Spiritual jingoism – Part 2 (Even sincere seekers can get enticed by the allurements of spiritual jingoism)

Among the claimants for spirituality, there are very few who sincerely believe in their own claim and then take their stand by it. Most of them are self-deceived. Such persons deceive themselves before they start deceiving others. But even if they are thoroughly self-deceived, they can wriggle their way out from the tentacles of spiritual jingoism as soon as they discover that they had overestimated their own spiritual achievements. There is a faint ray of hope for their coming around to the Truth because they are not consciously dishonest. On the other hand, conscious and deliberate impostors in the field of spirituality are at once the most confirmed culprits and the most piteous victims. They get stuck deeper and deeper in the quagmire of their own creation until everyone, including themselves, loses all hope of their redemption.

It is of no use to attribute motives to the conscious impostor or fraudulent claimant of spirituality. The inner spiritual path is narrow and difficult. Even sincere seekers can become enticed by the allurements of spiritual jingoism before they become aware that they have fallen. But they may have the advantage of a timely beacon light flashed forth by some Perfect Master. The line dividing the true from the false on the steep path to Truth is so narrow that it has almost no dimensions.

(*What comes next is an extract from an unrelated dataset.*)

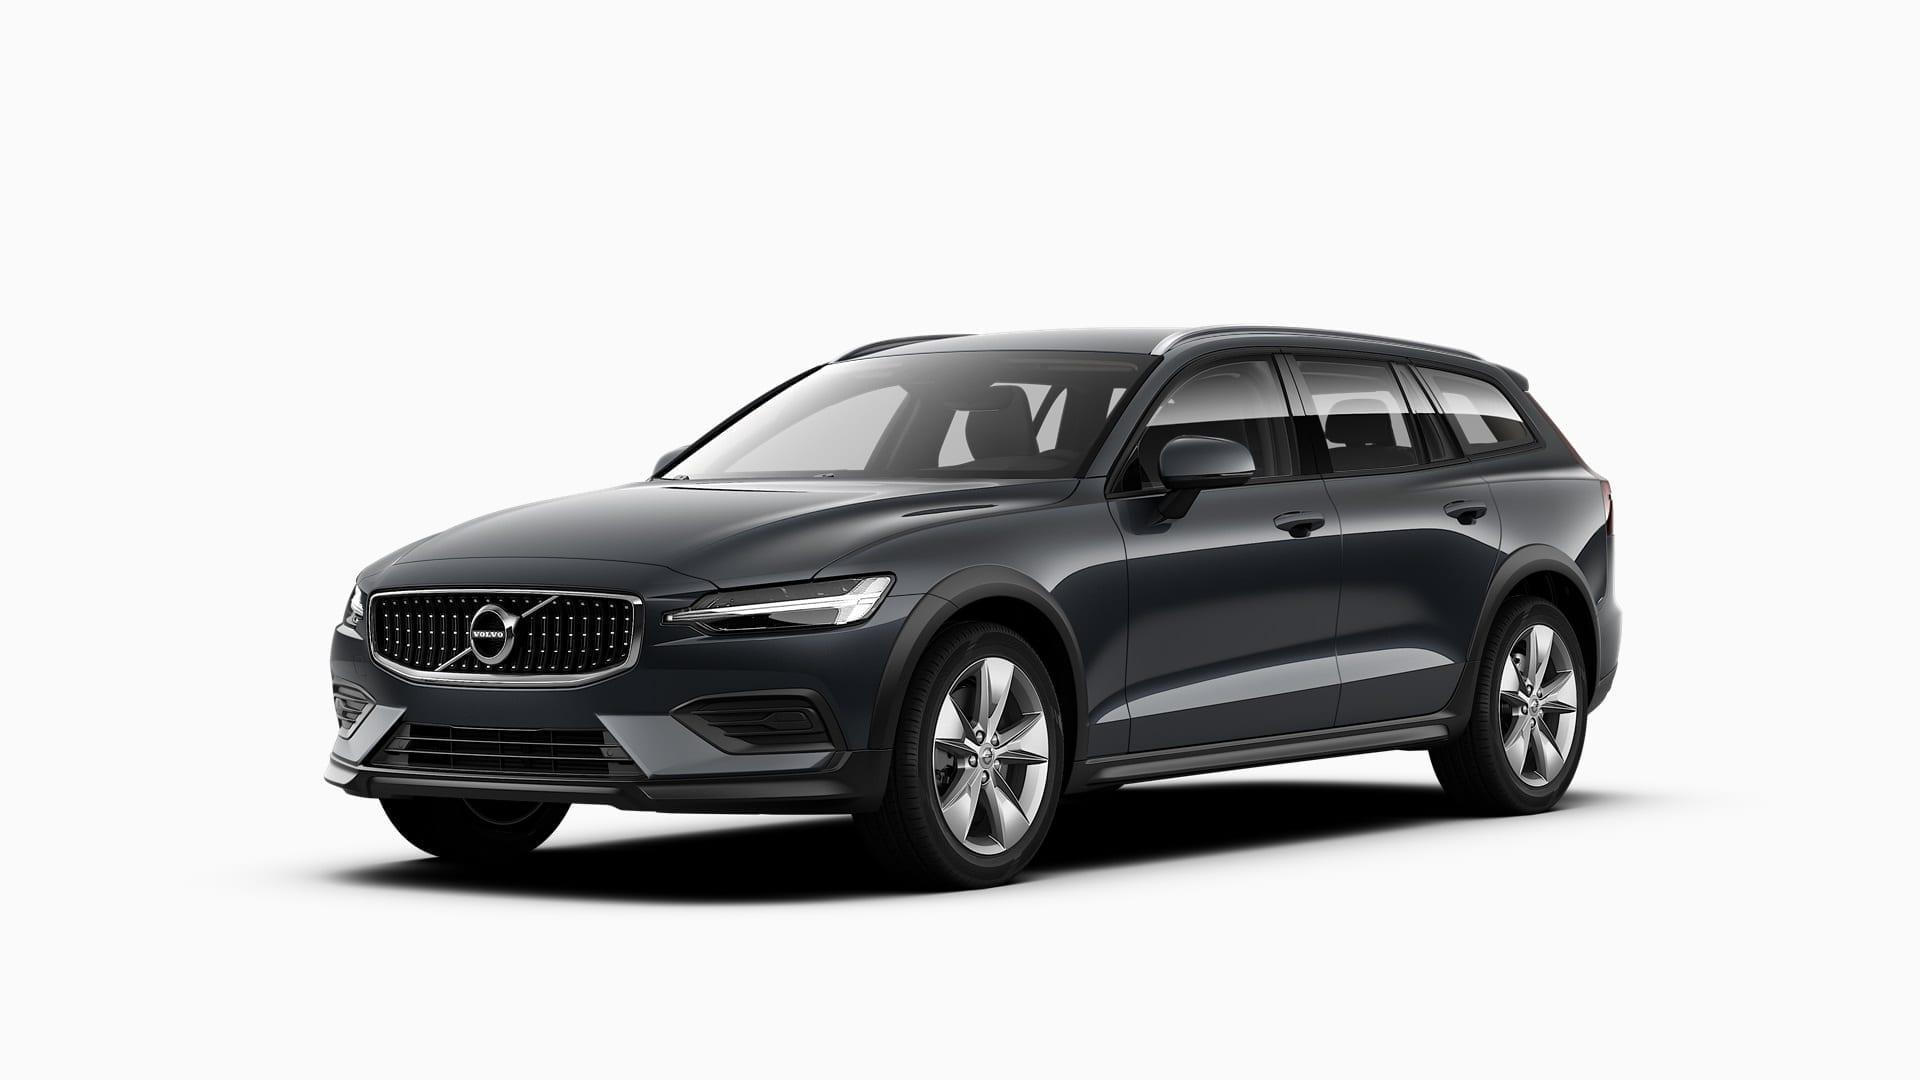 Volvo оснащены самыми современными системами безопасности
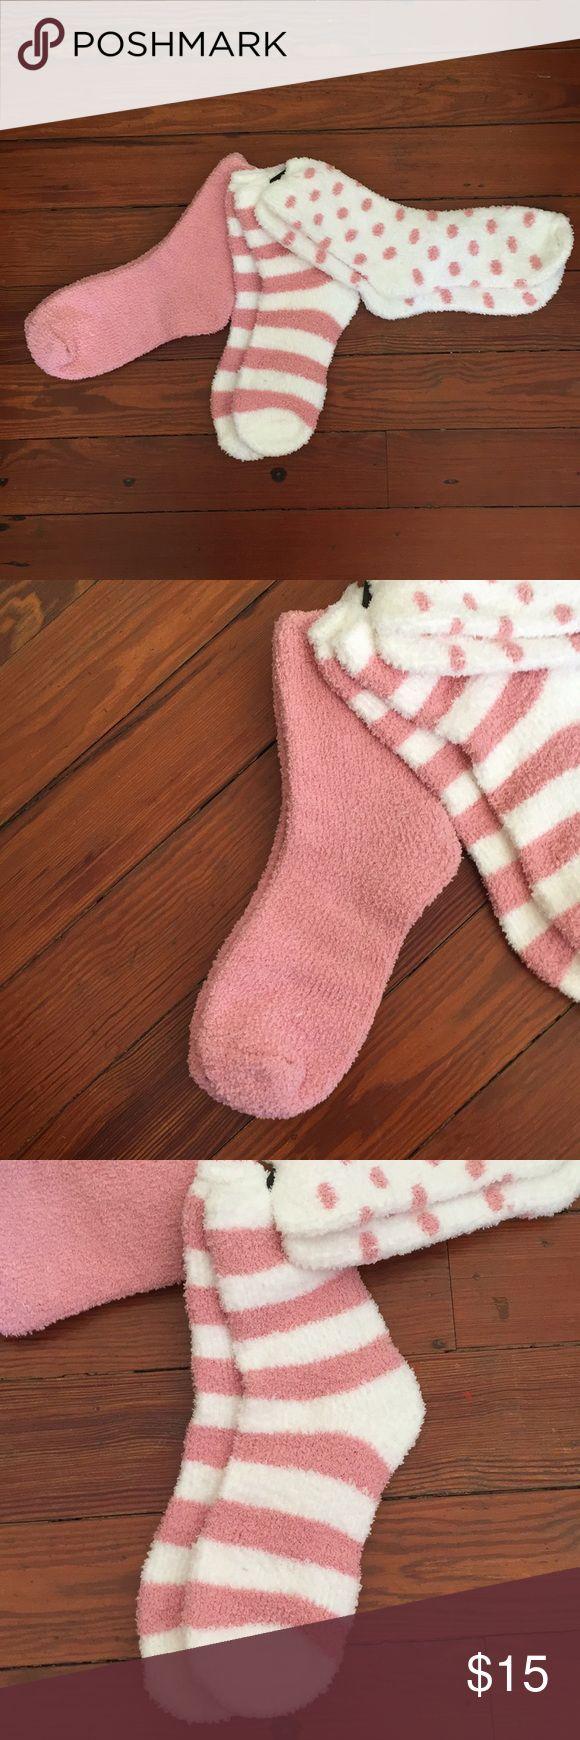 (Macy's) pack of 3 soft thick socks Brand new. Pack of 3 socks. Thick soft and warm. Macy's Accessories Hosiery & Socks

Let us put the most charitable construction upon spiritual jingoism. It can entice even sincere souls who fail to be constantly alert on the Path. The process of realization appears to be a process of becoming what one apparently is not. It seems like a movement from where you are to where you are not. To give conscious direction to this process it is necessary not only to have a perception of the goal, but also to dramatize our transport to it in imagination. For example, a person who wished to go to London makes preparations after visualizing all the vicissitudes of the journey. To this inevitable process we must add the consideration that the realistic position where he is actually stationed is itself a creation of his imagination. It is very natural for a person to take imagination for reality and to believe that he has realized in his search what he has only imagined.